For a long time, I sat there. I sat among the losers of the debut game of a great player's blossoming career. I sat among the silence of the otherworld as they were collected and taken away, their eyes gone grey with sight for another time. I sat among corpses, lifeless and lax. I sat among a murdered couple in their youth. My eyes never seemed to run out of tears as I rocked myself back and forth, hands rubbing at the blood that had started to dry on my hands. It was only when their essence came within inches of me that I finally moved, stumbling upon sleepy legs and over sleeping souls towards the bathroom to wash away the mess I'd become. The girl in the mirror had pulled hair and red lips and fingers wrapped around her neck in light purple and blood on her hands. Her soul was tainted, the tear and stain never to be mended or removed. The game she'd chosen to play was permanent and without undoing. She was still shaking as she put her hand up to the mirror to touch herself, to touch me. I stared at myself and wondered belatedly how suddenly everything had changed, how I had gone from private player to public paralyzer. I couldn't stay paralyzed myself, though. So instead, I ran.

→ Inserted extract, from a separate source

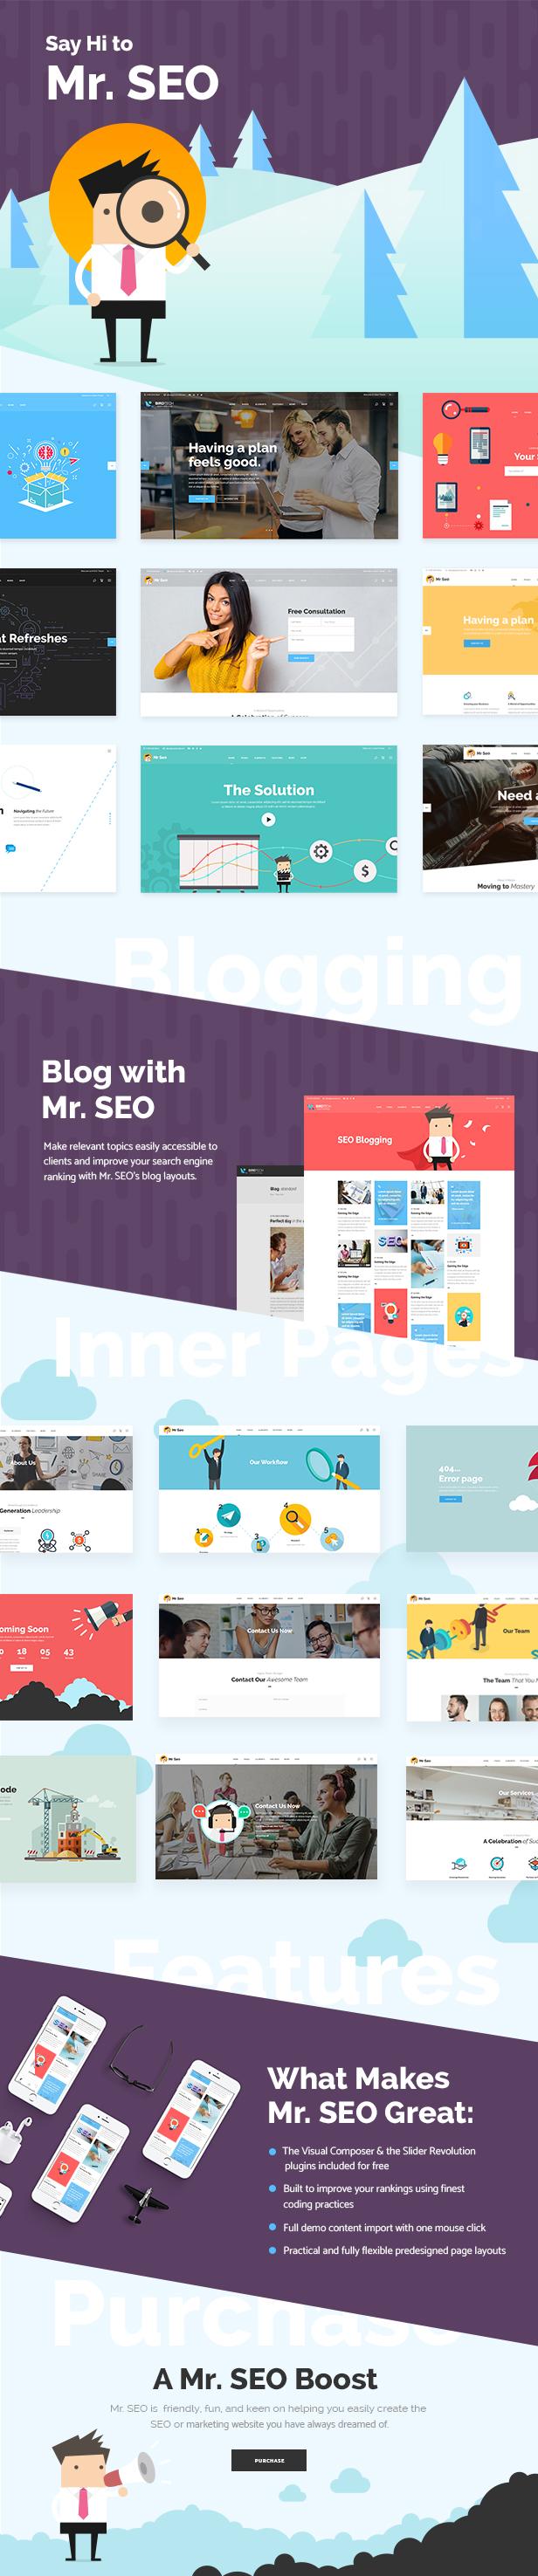 Mr. SEO - A Friendly SEO, Marketing Agency, and Social Media Theme 1

Looking back now, I can see all that I managed to get wrong in that very first game of my career. It all starts at the beginning of the match. I should have never jumped in so quickly, chosen an opponent and gone right in. It would have done me better to wait and observe, watch him and learn him until his weaknesses were the tips of my fingers and my voice. Instead, I'd thrown myself into the fire of the thrill I so longed for and wound up with quite a few surprises. He was strong and able to fend for himself. He also happened to have a girlfriend who lived with him and got home from work at midnight. Second, I should have never let him lead the plays even once. I had let him pull me through town, back to his own apartment, before he'd played me like a fiddle. I had to be flexible, but giving him outright control had been careless and nearly gotten me killed. Most importantly, I should have checked my supplies more carefully. What is a game without its pieces? My pieces didn't function up to par and had nearly resulted in me being the one lifeless in his apartment instead. I should have been more prepared in that category anyway. I'd read in Kae's notebook about a plant's leaves that could hinder functionality, but not intelligent processing. Instead of searching for it, I'd chosen to begin the match without it. I was so naive, so young.
It takes comparison to truly see my improvement. As I look down at the woman below me, I can't help but think back and compare the results of this game to my first. I've come to do this a lot lately, think about how my choices have affected me so completely. My life has been about games for as long as I can remember, but never had they been like this. Games were always simple for me, but this is different. It has taken me so long to get to this point where I am comfortable in my approach and execution. The game tonight was so smooth, so rehearsed, so clean. Everything fits now. The atropa belladona leaves had left her defenseless, my riddles had left her clueless, and her choice had left her lifeless. I was almost sad to have seen her go so fast. Chloroform is always more fun than cyanide. Well, you win some, you lose some, I suppose. I just hope I never lose where it counts, not in this game or any other.